Мы совершенно не настаиваем на том, чтобы все расчеты плана педантично совпадали до единицы включительно. Но если разногласие расчетов достигает крупных размеров, если оно подтверждается двумя использованными приемами, то мы имеем все основания утверждать, что в предлагаемом плане, несмотря на указания его авторов, что отдельные его данные сбалансированы, обстоит не все благополучно. Очевидно, что или сельскохозяйственная продукция растет по плану слишком медленно, или темп прироста благосостояния населения принят слишком высокий. Но как бы то ни было, в 1930/31 г. по плану СССР ставится в необходимость не только отказаться от увеличения положительного баланса во внешней торговле сельскохозяйственными продуктами, а даже перейти к отрицательному балансу, т.е. превратиться по существу в страну, импортирующую как сельскохозяйственные товары вообще, так и сельскохозяйственные предметы питания в частности.
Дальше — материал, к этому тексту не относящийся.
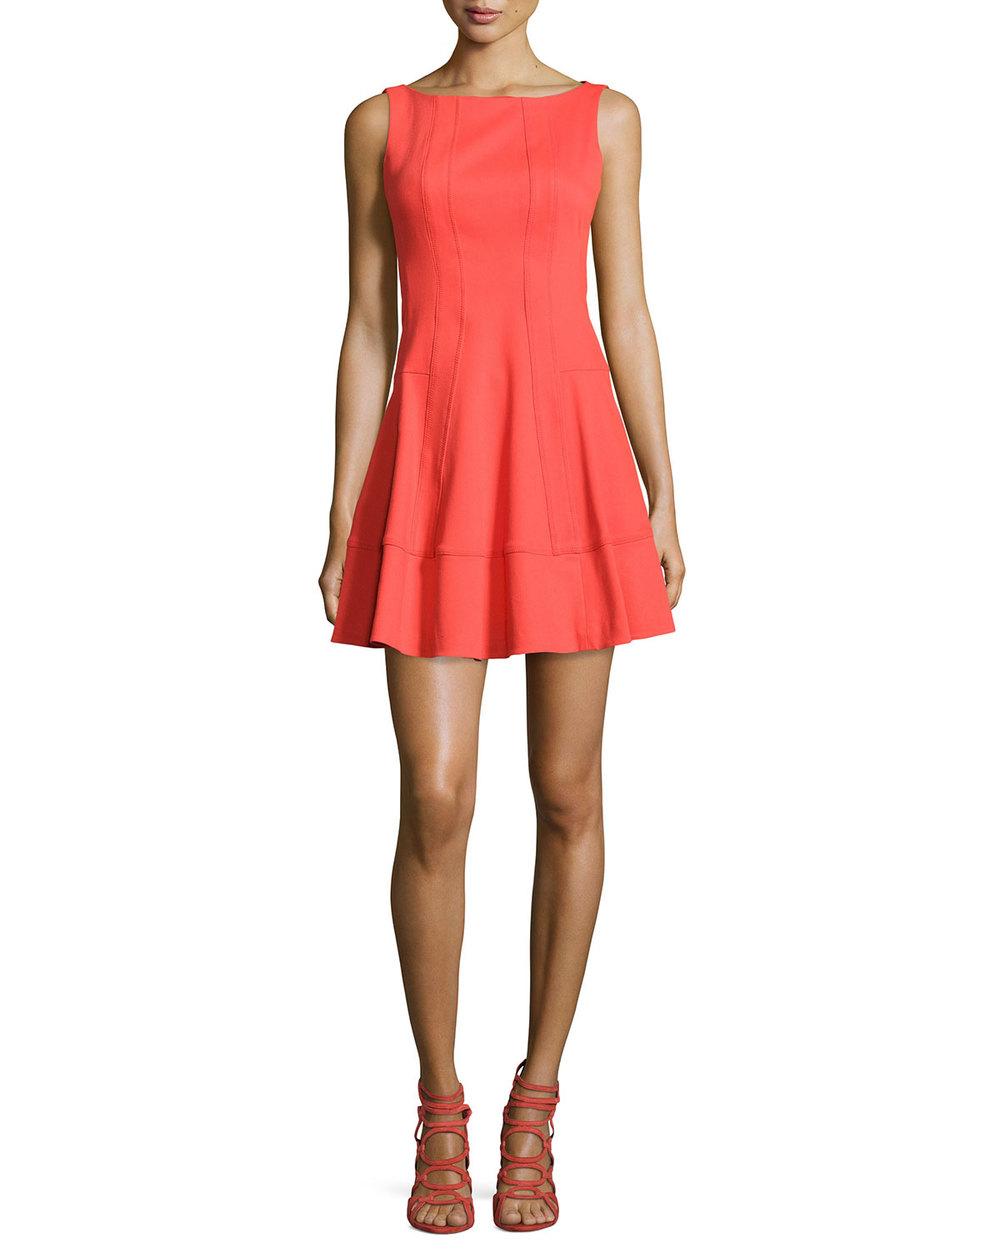 nanette lepore pink dress rowandrue.jpg

Очевидно также, что этот вывод, не делаемый и далее не замечаемый С.Г. Струмилиным, но вытекающий из его построений, делает нереальными приведенные выше расчеты на развитие импорта промышленного оборудования и сырья, а следовательно, и на выполнение намеченной планом программы индустриального развития страны.

VI

Таким образом, мы вскрыли, что намеченный план развития народного хозяйства оказывается нереальным и внутренне несогласованным при разборе его с двух чрезвычайно важных сторон: со стороны обеспечения необходимого накопления необходимого развития сельскохозяйственного экспорта. В чем же лежат причины внутренних противоречий предложенного построения перспектив? Причины таких противоречий, по нашему мнению, очевидно, лежат, во-первых, в неправильном понимании соотношения индустрии и сельского хозяйства в их развитии, во-вторых, в неправильной проекции роста благосостояния населения, так как она не соответствует намеченному темпу роста продукции. Остановимся здесь на первом вопросе, на вопросе о соотношении сельского хозяйства и индустрии, для уяснения которого предыдущее изложение дает достаточный материал.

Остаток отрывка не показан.